Loading Efficiency of Doxorubicin-Loaded Beta-1,3- Glucan Nanoparticles: An Artificial Neural Networks Study

Document Type : Original Research Article


1 Medical Faculty, Qom University of Medical Sciences, Qom, Iran

2 Neuroscience Research Center, Qom University of Medical Sciences, Qom, Iran.

3 Food and Drug Control Laboratories and Food and Drug Laboratory Research Center, Ministry of Health and Medical Education (MOHME), Tehran, Iran.

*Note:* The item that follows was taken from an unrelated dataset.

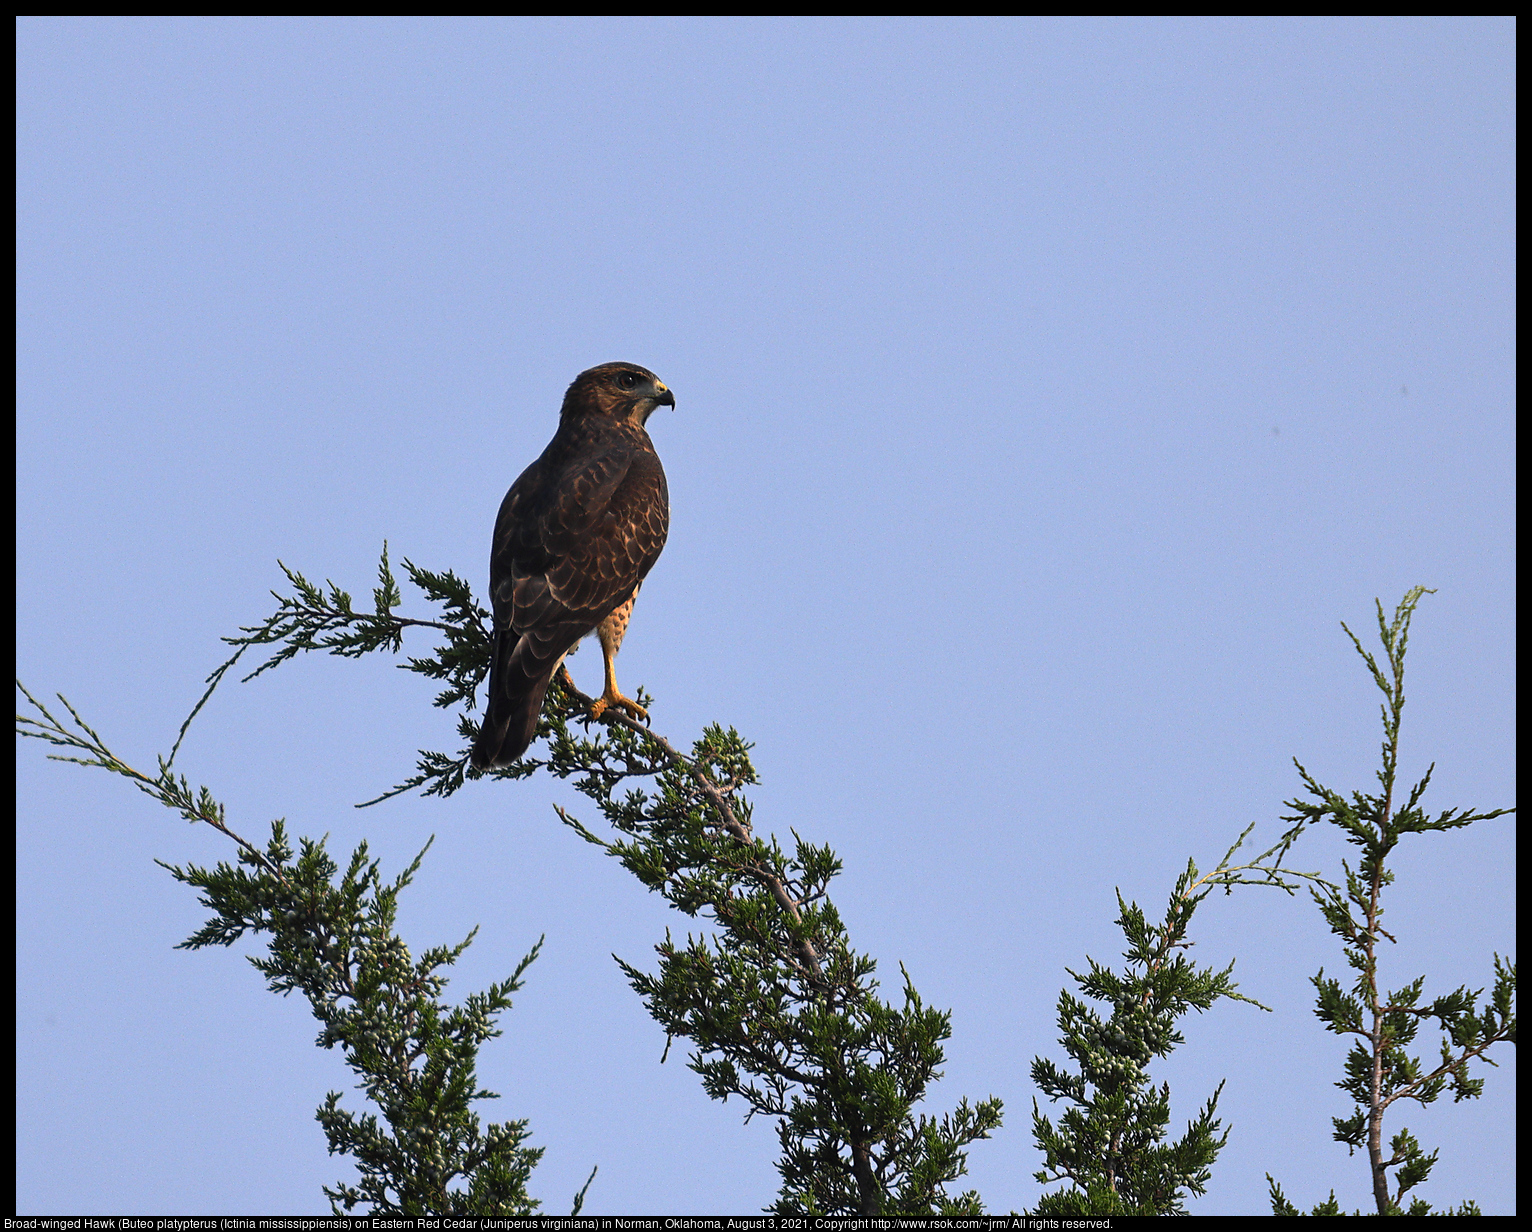 Broad-winged Hawk (Buteo platypterus) on Eastern Red Cedar (Juniperus virginiana) in Norman, Oklahoma, August 3, 2021

4 Nanotechnology Research Centre, Faculty of Pharmacy, Tehran University of Medical Sciences, Tehran, Iran

5 Natural Products and Medicinal Plants Research Center, North Khorasan University of Medical Sciences, Bojnurd, Iran

6 Department of Medical Nanotechnology, School of Advanced Technologies in Medicine, Tehran University of Medical Sciences, Tehran, Iran


Purpose: Artificial neural networks (ANNs) were used to optimize a formulation of β-1,3-glucan nanoparticles containing doxorubicin (Dox) through a study of the critical parameters affecting the drug's loading efficiency.
Methods: Using an ANNs model, we evaluated the effect of four input variables, involved in preparation of the carrier system, including concentrations of succinic anhydride (Sa), NaOH and polyethyleneimine (PEI) as well as ratio of Dox/Carrier, on loading efficiency of Dox as output parameter, when Dox was conjugated to the carrier (Con-Dox-Glu) or in unconjugated form (Un-Dox-Glu).
Results: The model demonstrated that increasing Sa and PEI leads to reduced loading efficiency, while the effect of NaOH on loading efficiency does not appear to be important in both Con-Dox-Glu and Un-Dox-Glu delivery system. Ratio of Dox/Carrier showed complex effects on loading efficiency: while a certain value was required to provide maximum loading efficiency in Con-Dox-Glu, a different critical value was associated with obtaining minimum loading efficiency in Un-Dox-Glu.
Conclusion: By defining the effects of each parameter on the loading efficiency of Glu-Dox nanoparticles, this study demonstrated the feasibility of using an ANN model to optimize the conditions for achieving maximum loading efficiency in both conjugated and non-conjugated drug delivery system.


Main Subjects


Drug delivery systems based on nano-approaches offer several advantages, such as increased drug loading (due to their large surface area), better bioavailability/ solubility of hydrophobic drugs, extended drug biological life, lesser immunogenicity and possibility for providing controlled release. β-1,3 glucan (Glu) is a carbohydrate-based polymer, extracted from bacteria, mushrooms, yeast or grains with unique properties such as biocompatibility, biodegradability (1) and mucoadhesivity (2) as well as antibacterial and immunomodulatory activity. The polymer has gained lots of popularity for drug delivery purposes(3) Nanoparticles of Glu have been introduced as unique biomaterial platforms, capable of delivering drugs, proteins or nucleic acids into cells stably. Glu, due to presence of a hollow cavity in its molecular structure allows efficient absorption and encapsulation of molecules.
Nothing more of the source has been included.